Information supplied START
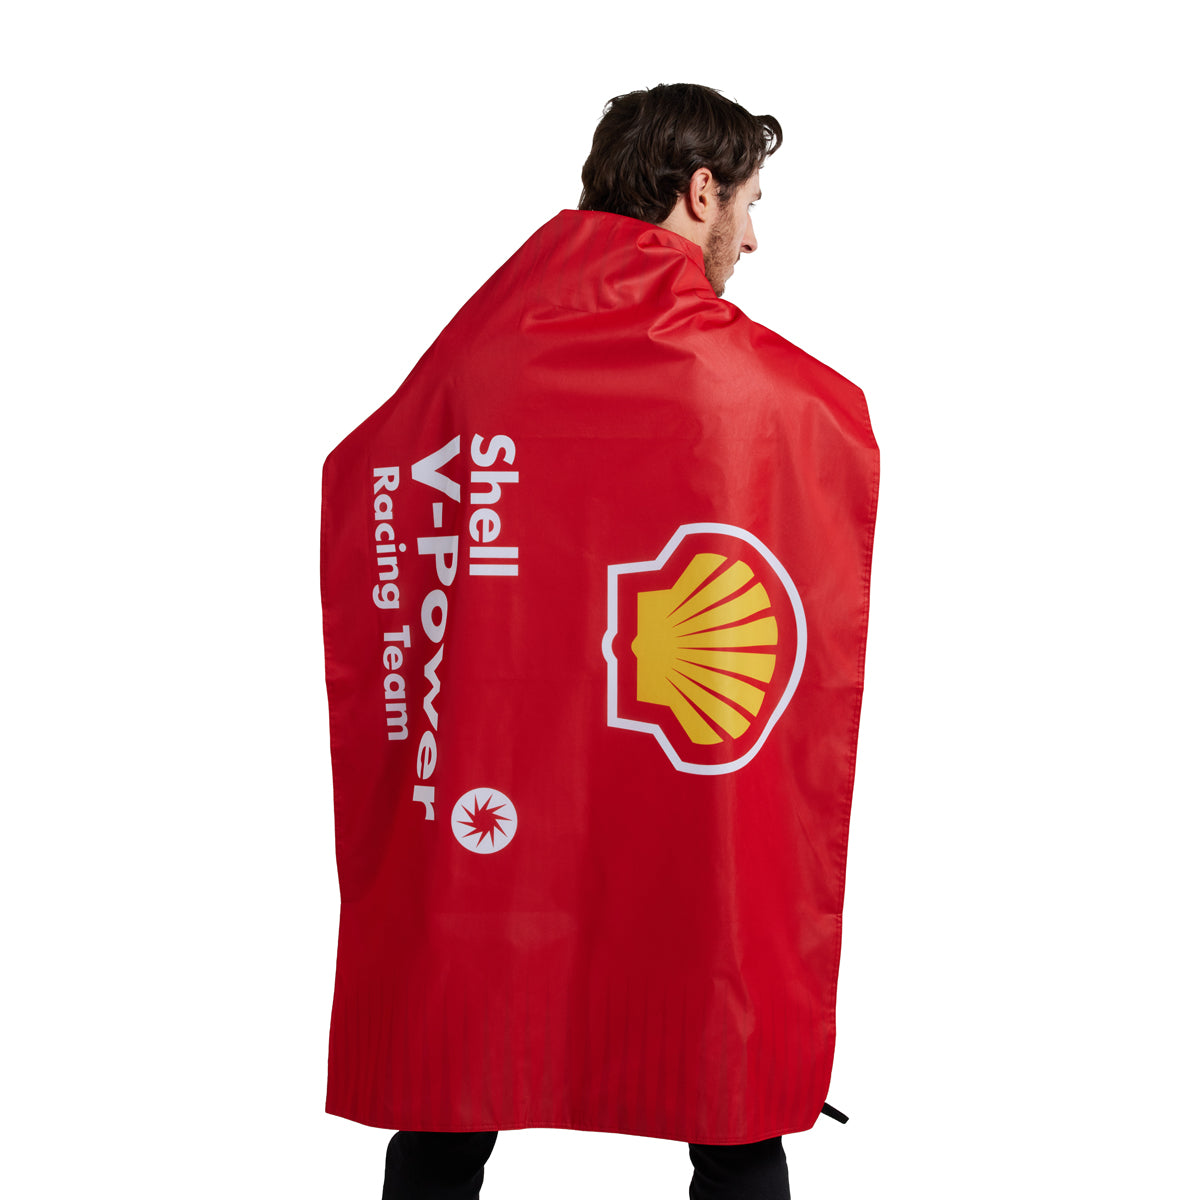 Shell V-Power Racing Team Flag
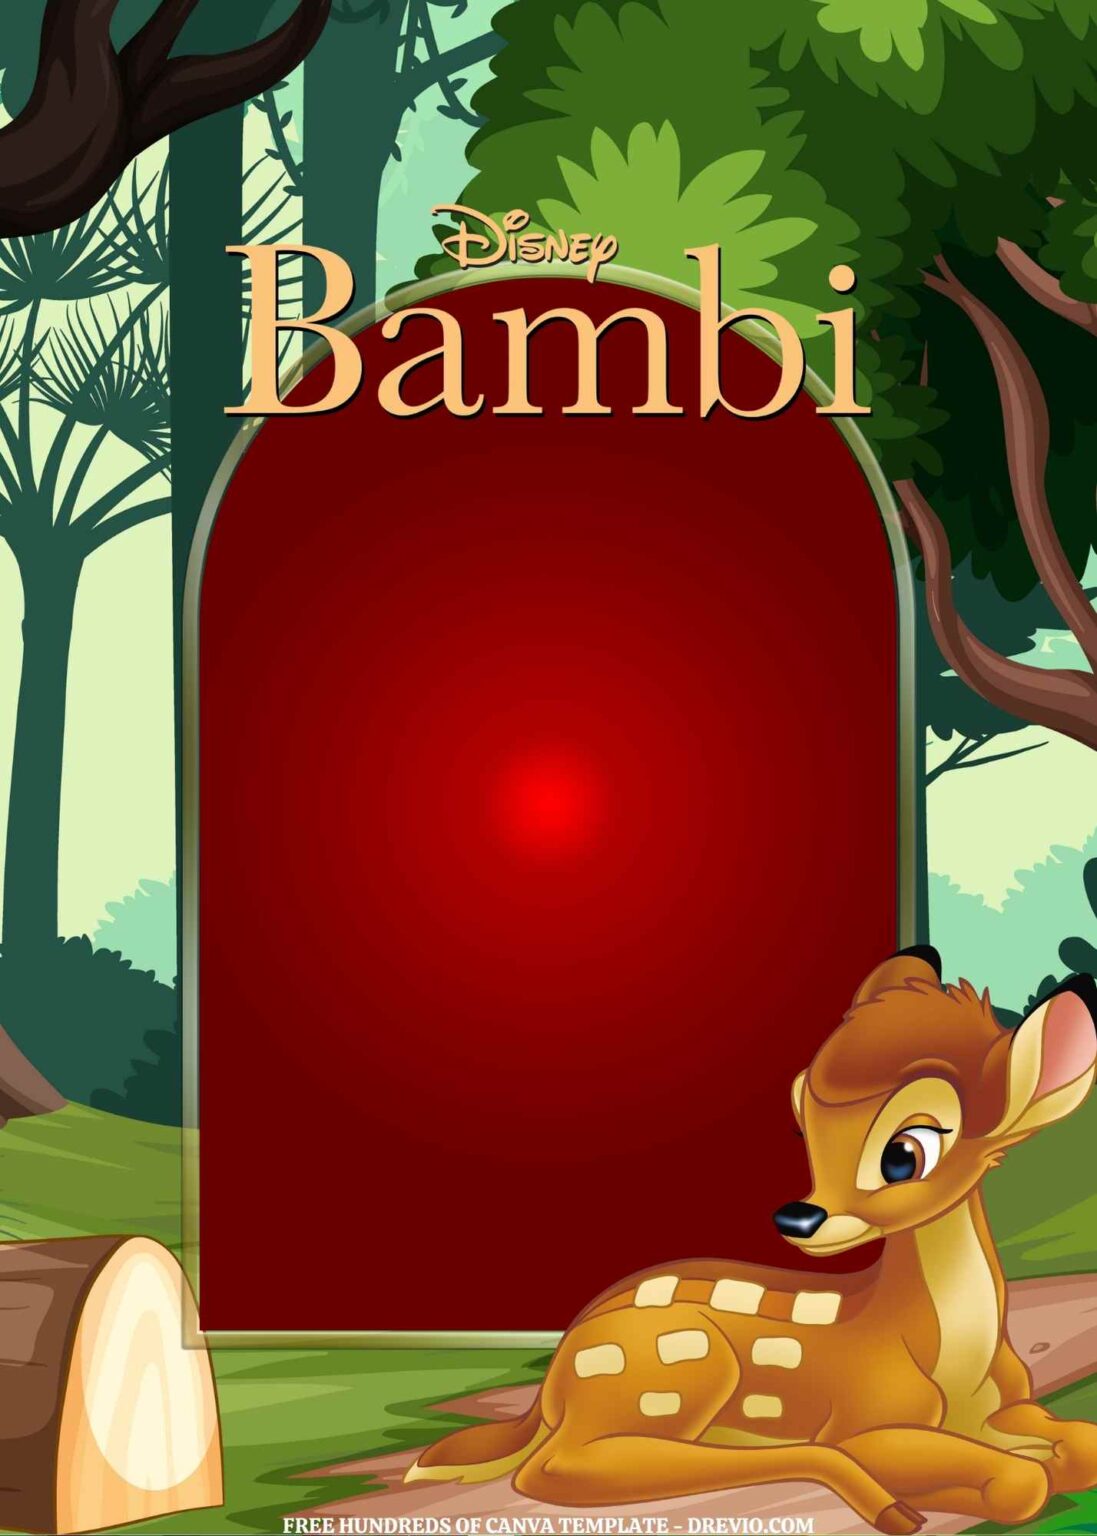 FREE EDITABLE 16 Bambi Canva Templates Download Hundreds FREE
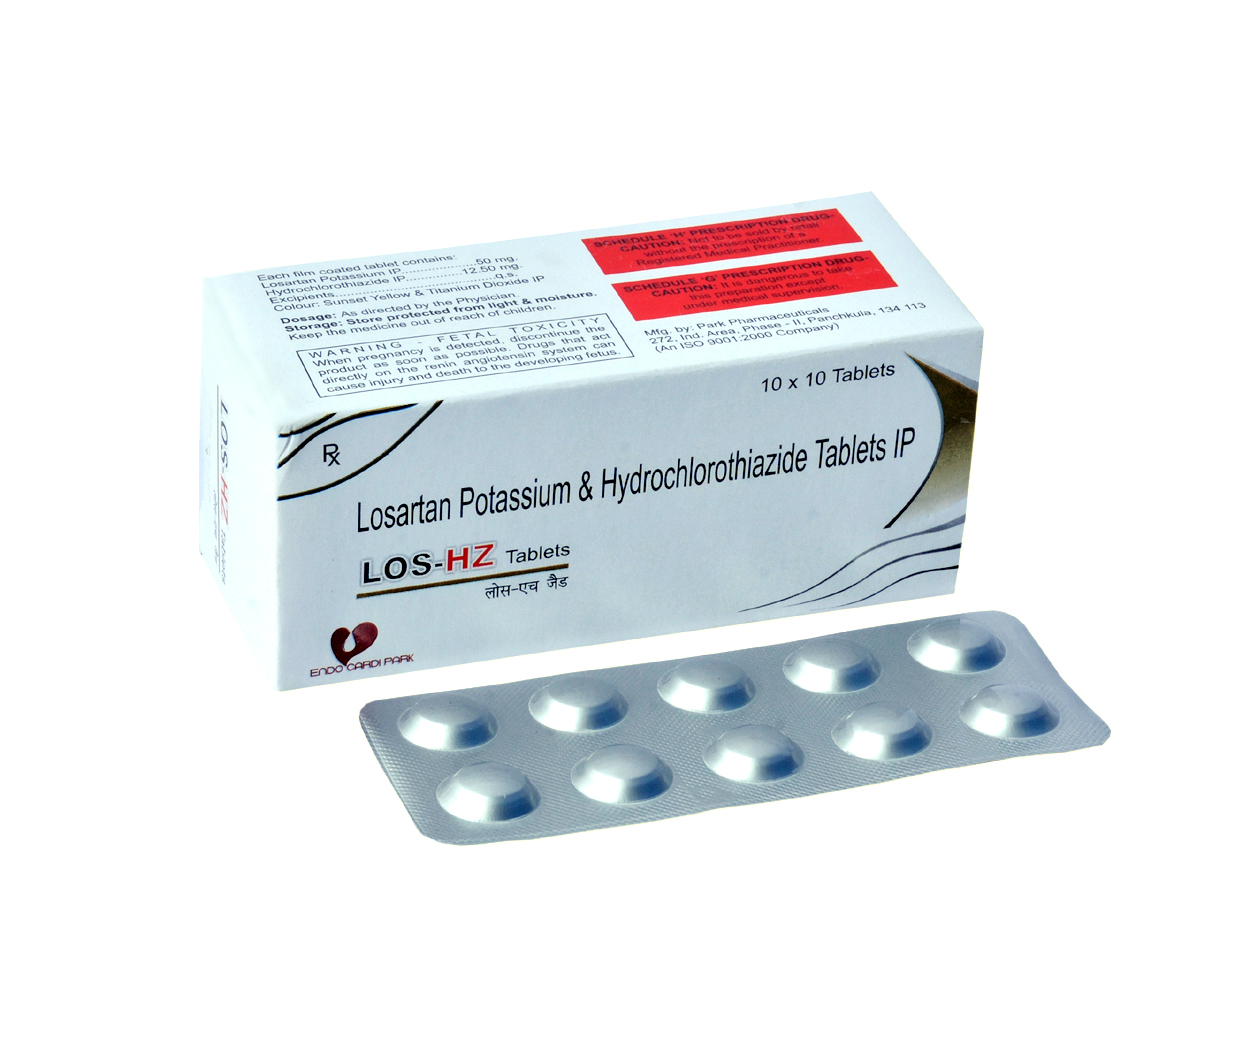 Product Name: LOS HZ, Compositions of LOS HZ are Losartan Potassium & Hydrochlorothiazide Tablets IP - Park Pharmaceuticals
Information supplied END
_Exercise objective:_ Restate verbatim the lines that begin at the one holding "FREE EDITABLE 16" and end at the last line of the material. Exclude pictures.

_Response box:_
 FREE EDITABLE 16 Bambi Canva Templates Download Hundreds FREE
 Product Name: LOS HZ, Compositions of LOS HZ are Losartan Potassium & Hydrochlorothiazide Tablets IP - Park Pharmaceuticals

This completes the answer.